EXERCISE DIRECTIONS -
When you reproduce the data, keep every word exactly as it stands and leave the pictures out.

GIVEN MATERIAL -
○ ○ ○

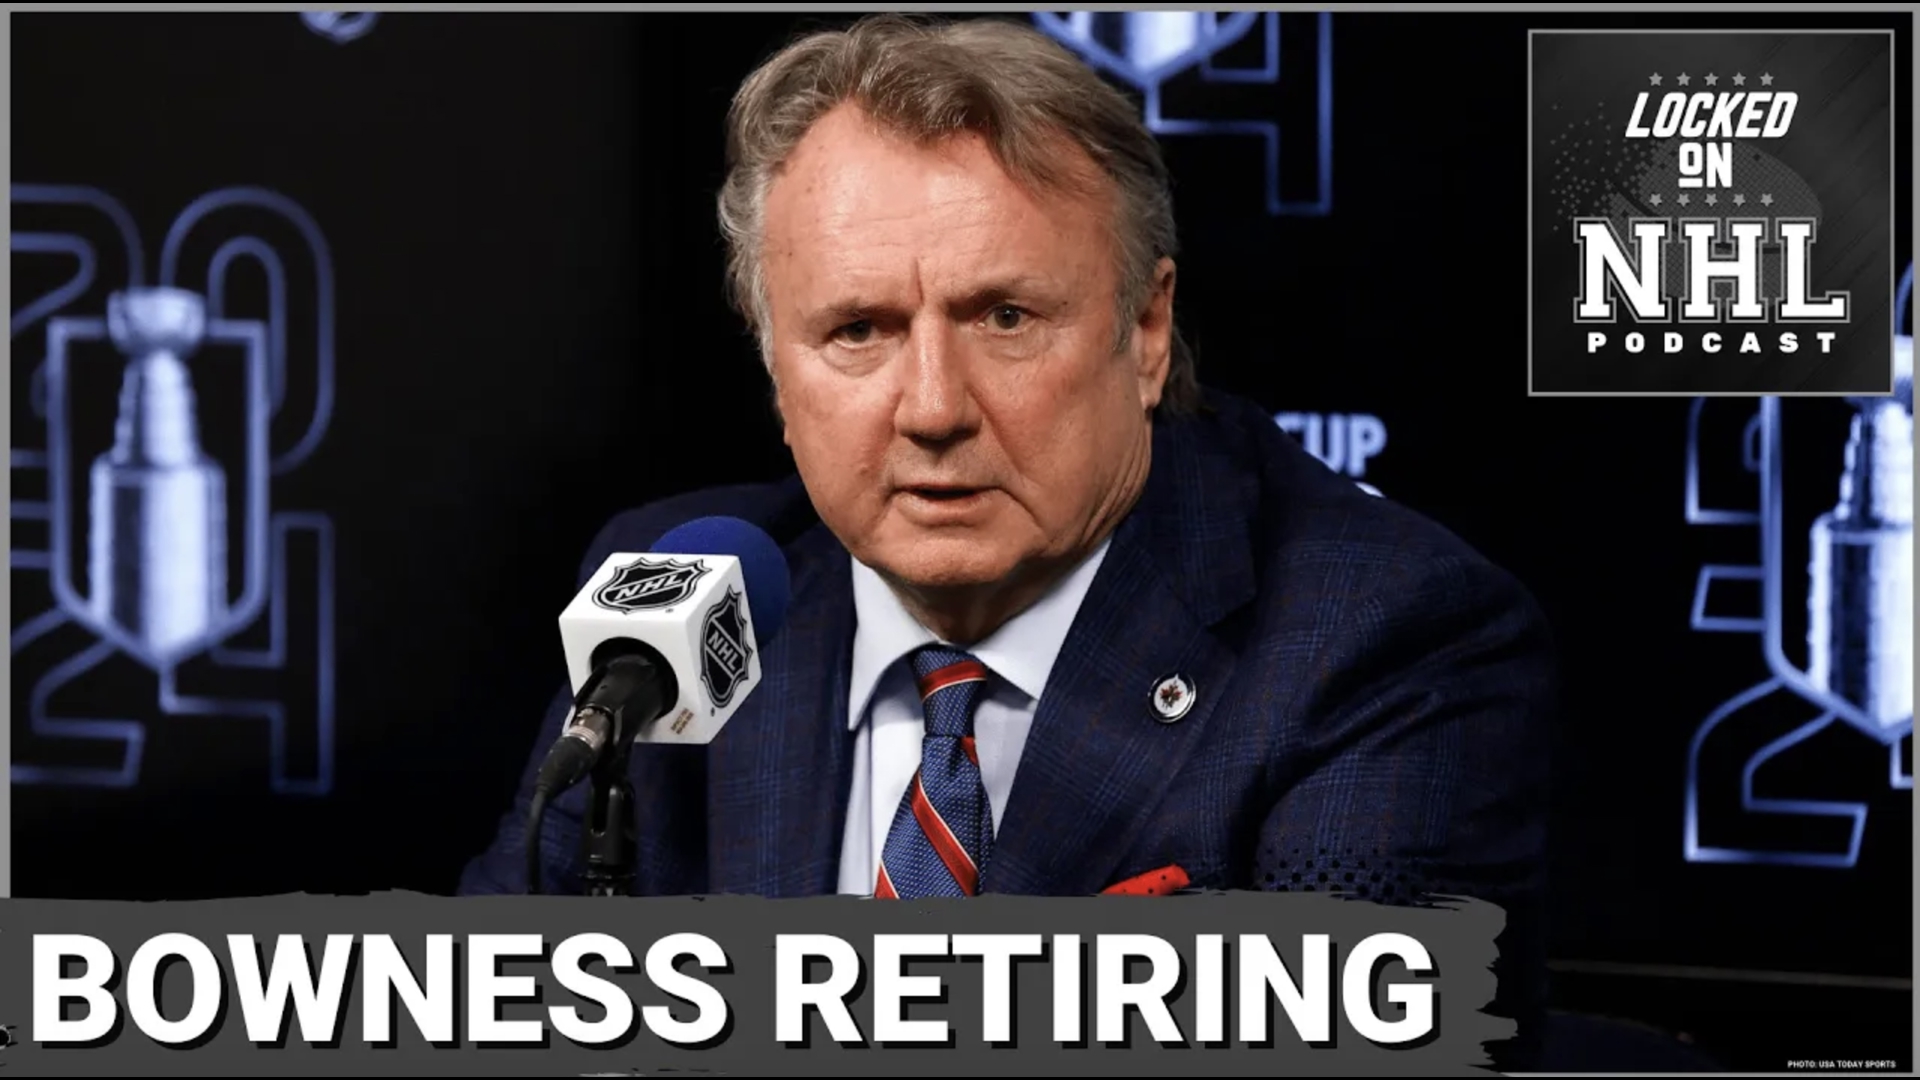 On today's episode of Locked on NHL, Seth Toupal and Nick Morgan discuss the retirement of Rick Bowness.
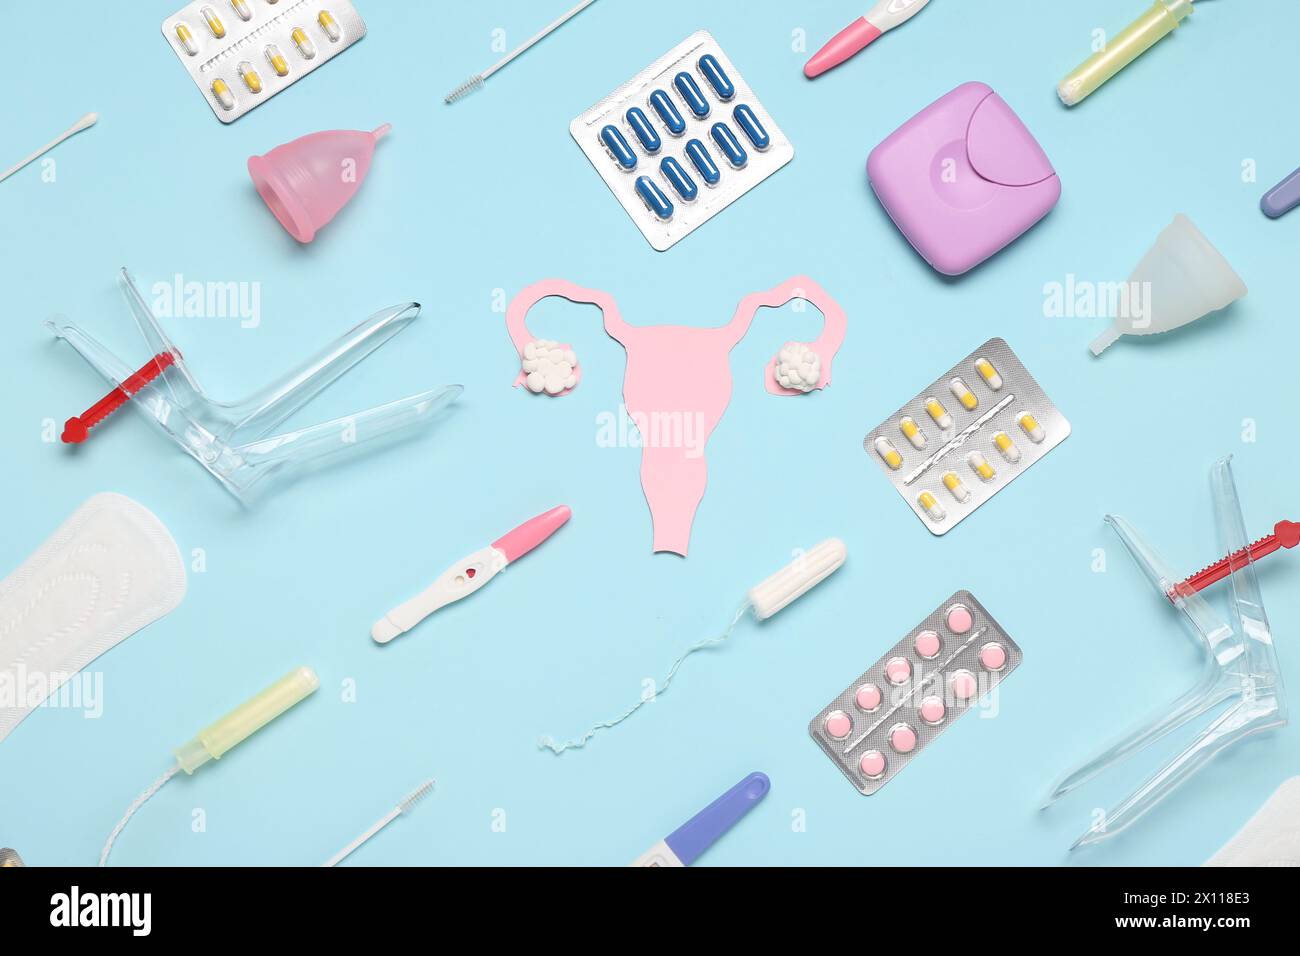 Paper uterus with gynecological speculums, pills, tampons and menstrual cups on blue background Stock Photo
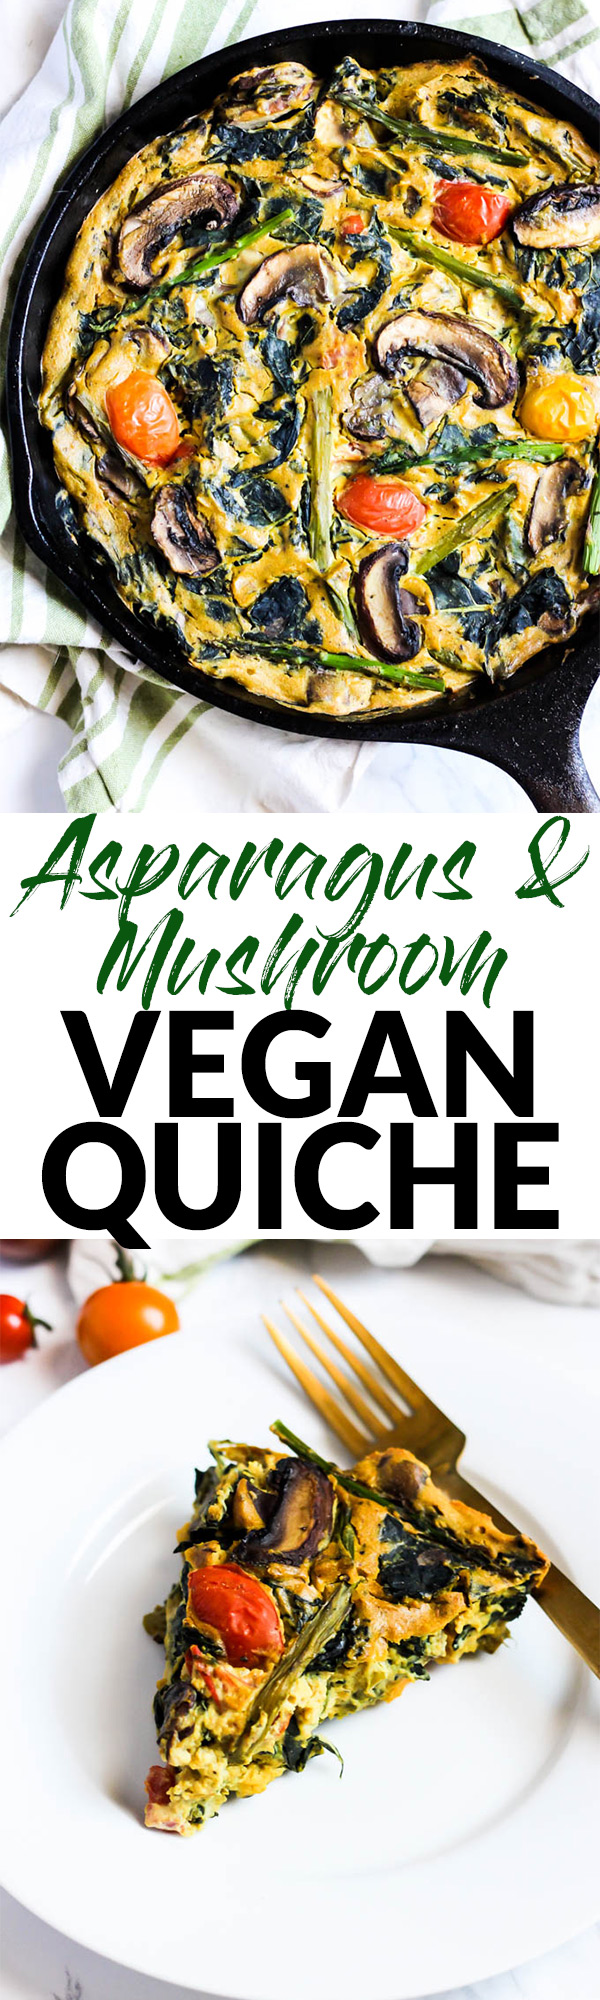 This Asparagus & Mushroom Vegan Quiche is a delicious option for breakfast or brunch! It's full of vegetables and plant protein to keep you satisfied.
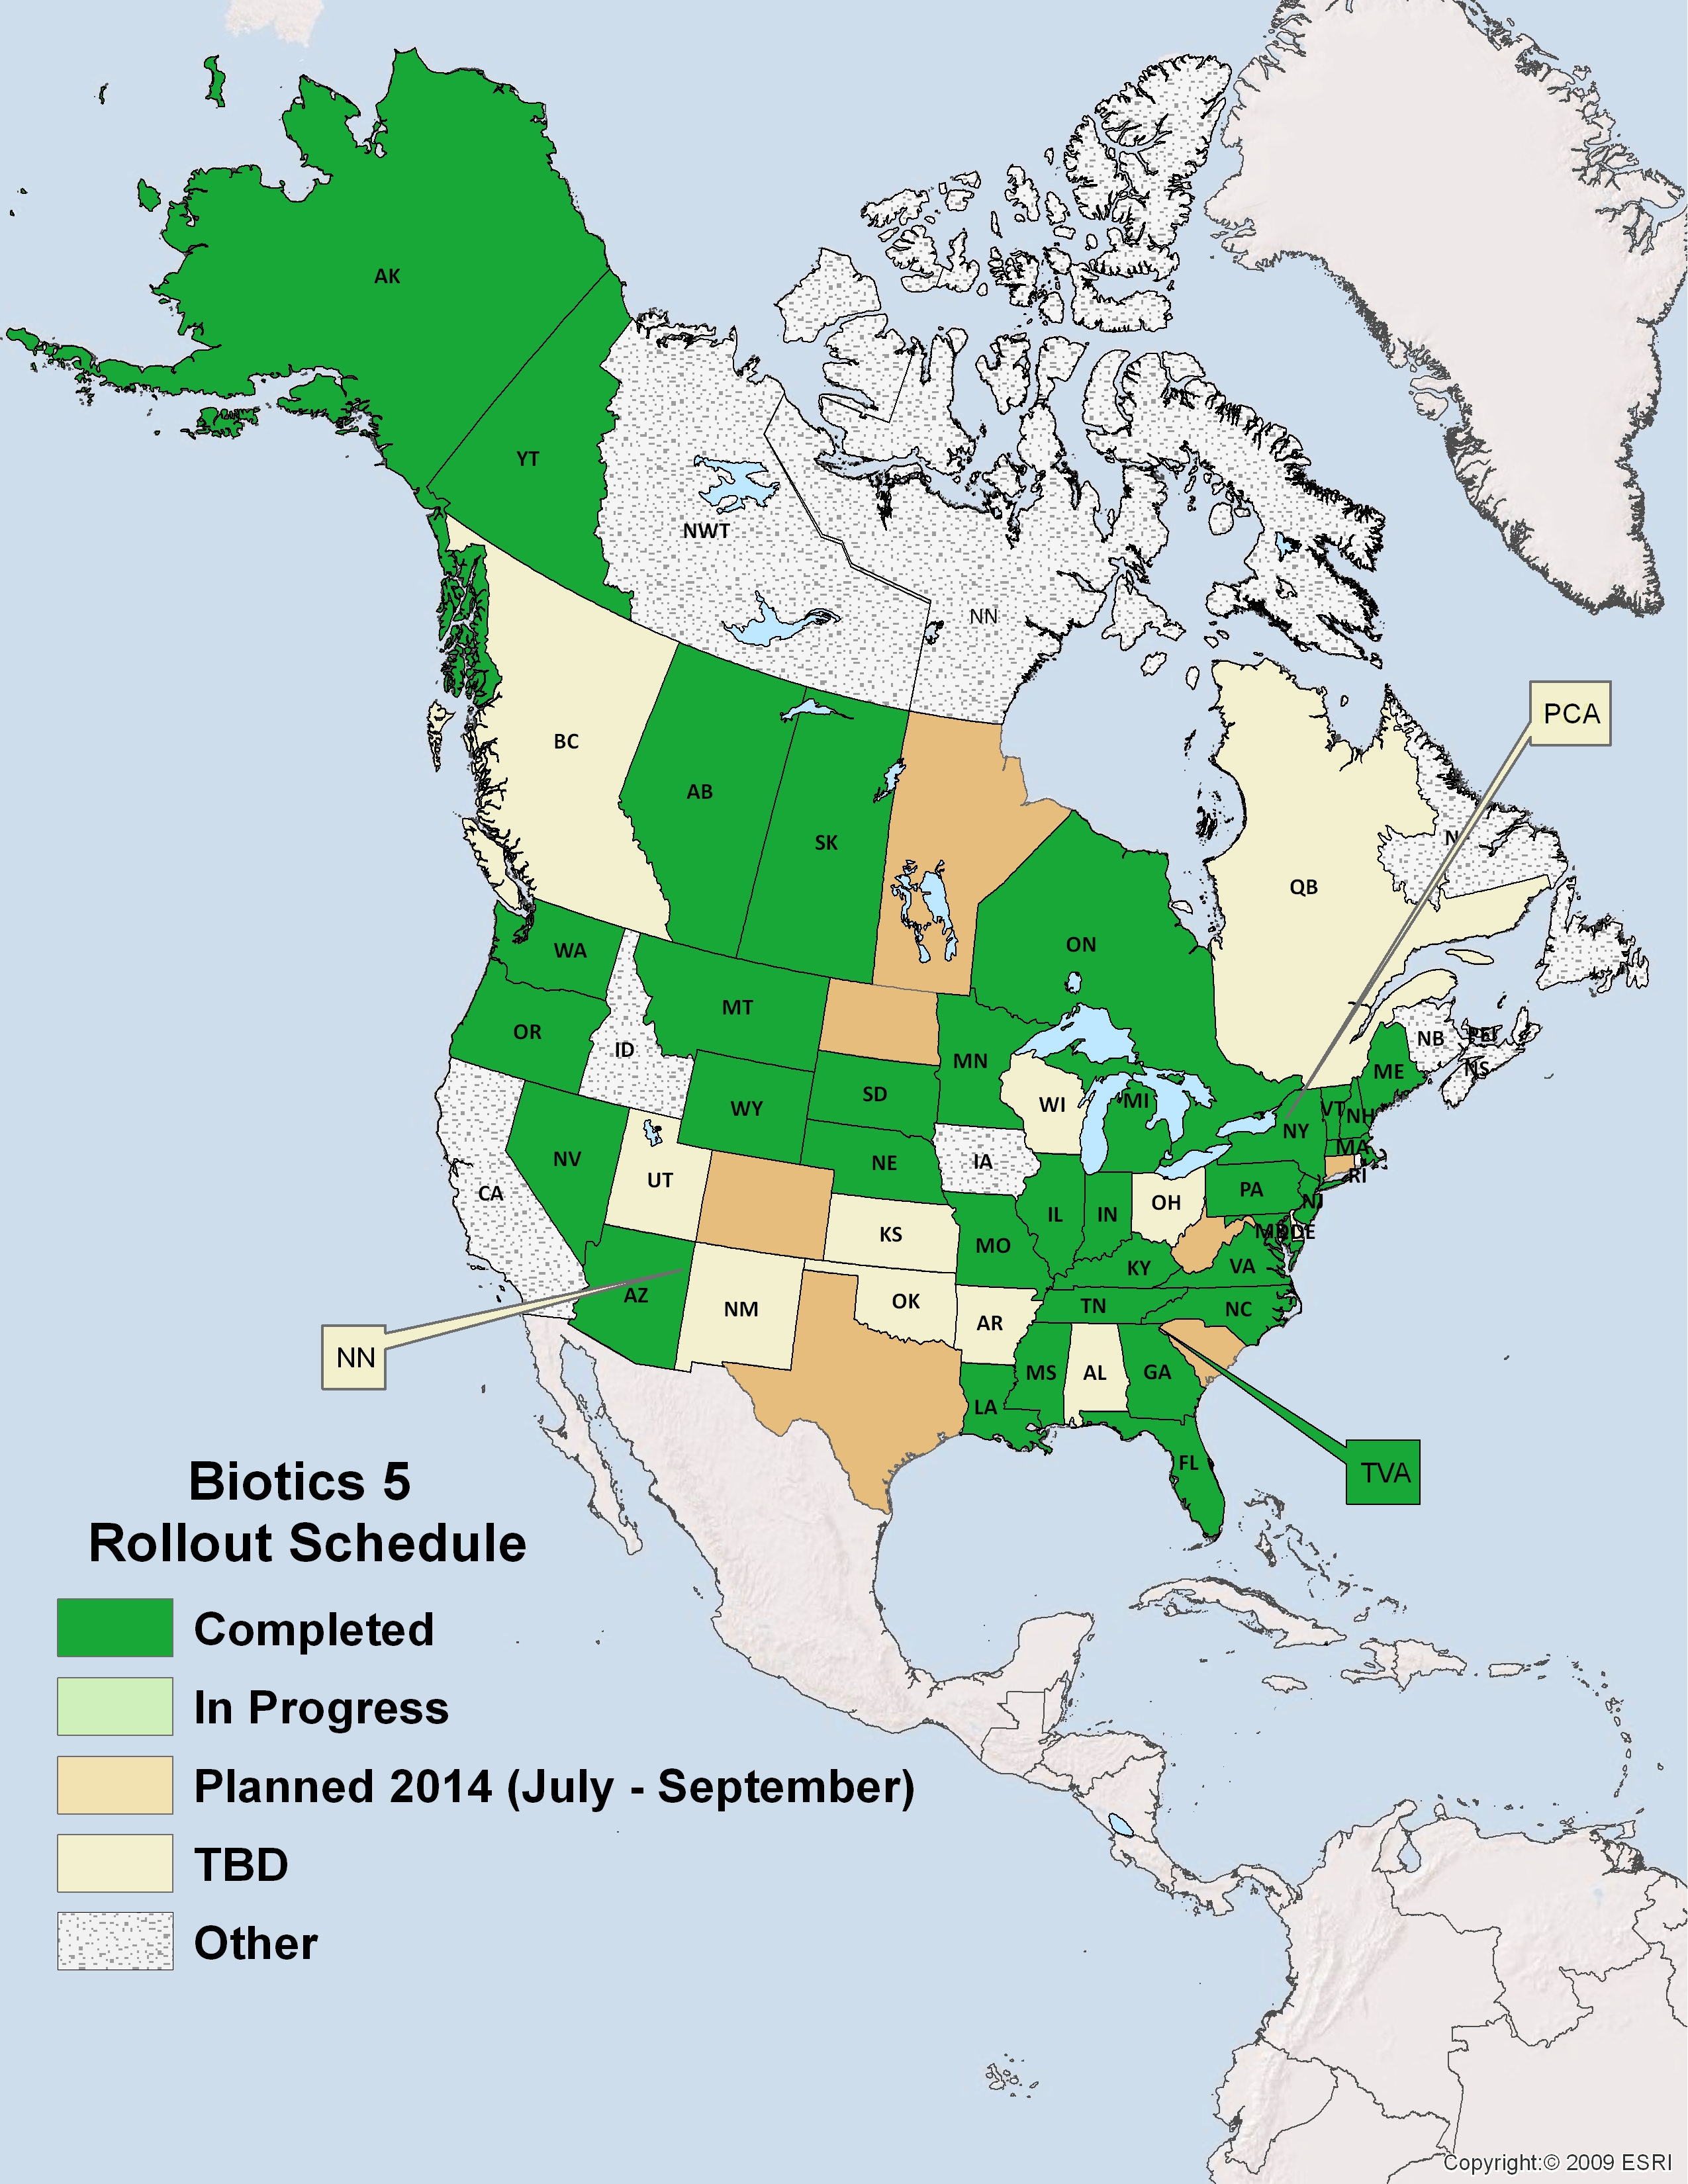 Thirty-five members of the NatureServe network have implemented Biotics 5 as of July 2014. Another dozen will follow suit in the next few months.

○ ○ ○

ANSWER SECTION -
 On today's episode of Locked on NHL, Seth Toupal and Nick Morgan discuss the retirement of Rick Bowness.
 Paper uterus with gynecological speculums, pills, tampons and menstrual cups on blue background Stock Photo
 This Asparagus & Mushroom Vegan Quiche is a delicious option for breakfast or brunch! It's full of vegetables and plant protein to keep you satisfied.
 Thirty-five members of the NatureServe network have implemented Biotics 5 as of July 2014. Another dozen will follow suit in the next few months.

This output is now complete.